This invention relates generally to the field of media production. More specifically, the invention discloses new and useful methods and systems for generating mutated media fragments for media production.
Since the advent of software-based programs that allowed musicians and producers (m/p) to record and playback notes previously recorded, sequencers, particularly digital audio workstations (DAWs), has been a mainstay in contemporary music production. Aside from offering robust editing and recording tools, DAW’s also allowed the m/p to capture MIDI data and utilize sample libraries. Aside from the variety of programmable controls, including generative looping of evolving patterns of notes, the m/p may also exploit the technology to connect with virtual instruments implemented as software plug-ins; long gone are the days of each synthesizer needing a dedicated keyboard—or even having to lug around the physical instrument in the first place. Despite its widespread adoption, it is largely being underused—or worse, misused—due to its complexity of use. The long learning curve and the prohibitive “time-cost” serve as a barrier for an entry-level m/p to extract the full potential of currently offered DAW’s.
While attempts have been made for a more intuitive interface to better match m/p workflows-regardless of experience-they have done little to relive the “time-cost” problem. The industry has dealt with this problem with product segmentation: a dedicated tier for each a beginner, experienced, and expert m/p. The shortcoming of this approach is that the tiers are no different in terms of user interface icons, graphics, prompts, controls, etc.
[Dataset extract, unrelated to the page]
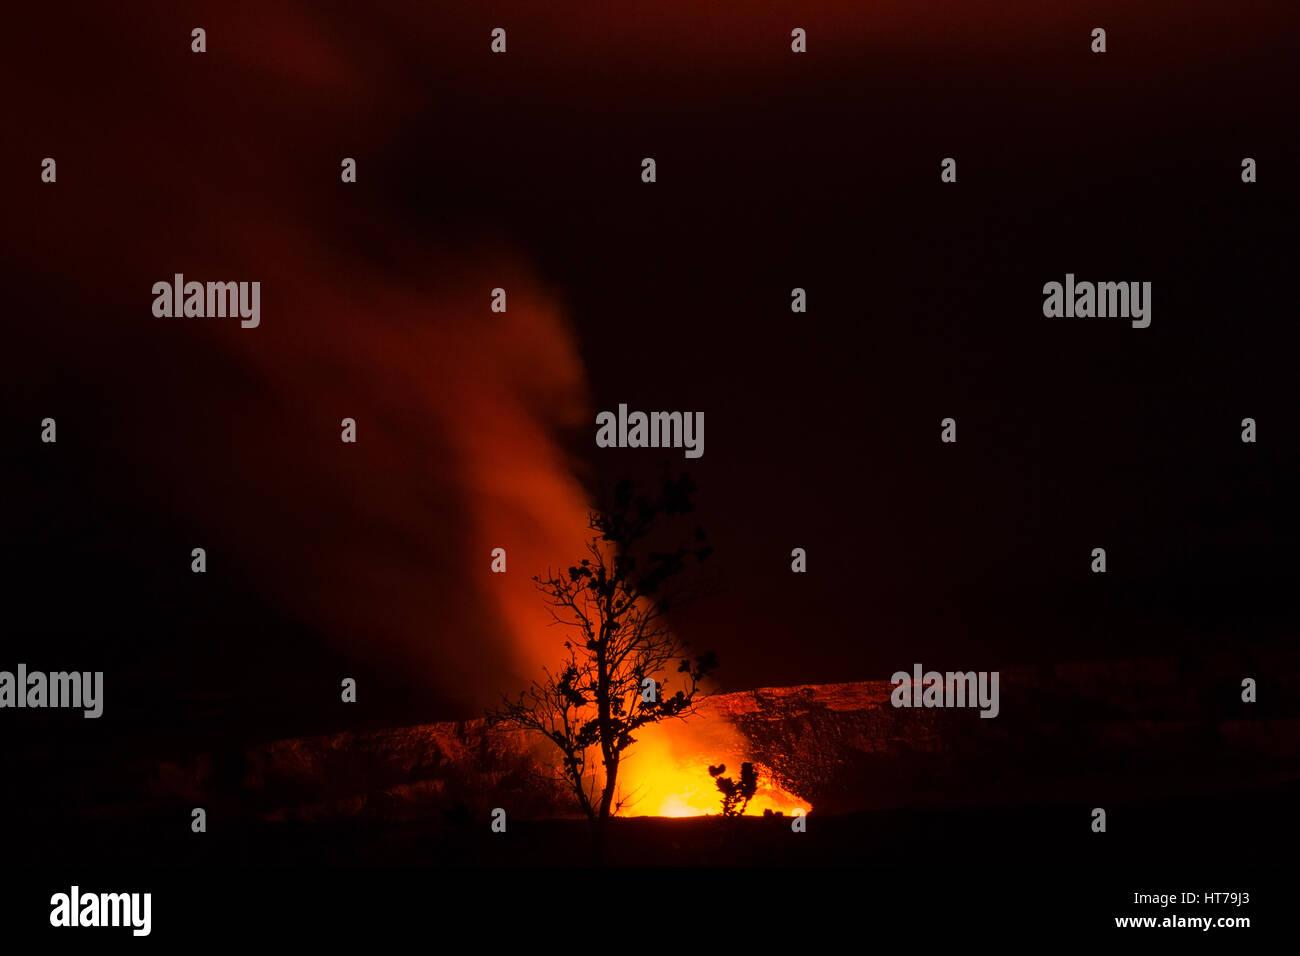 Halema'uma'u Crater, pit crater at night, Hawai'i Volcanoes National Park, HI,USA - Stock Image

Rather, they simply offer a smaller tool bag to a beginner. Needless to say, while this approach may offer a certain “ease of use”, unfortunately, it also offers a “limit on use”, since the entire suite of tools is not available.
To that end, there is a void in the market and art for a DAW-style interface that outputs an archive of ‘set-it and forget-it procedurally generated audio fragment/s for downstream audio integration. Procedurally generated audio fragment/s that are mutated from an original input based on user-trained inputs. A pipeline that delivers ease of use while not compromising the suite of offerings and each tool’s capability. Ease-of-use including for graphically interactive ways for a user to self-tune during mutation. For that matter, there is likewise a void in the art to allow a user to intuitively interface with a neural network-trained pipeline for procedurally generating any media fragment for any media integration. Solutions are sorely needed to address the twin issues of non-intuitiveness and a limited toolkit, both of which are bottlenecking creative endeavors across several fields—the most salient of which is audio/music production due to the non-visual nature of the output.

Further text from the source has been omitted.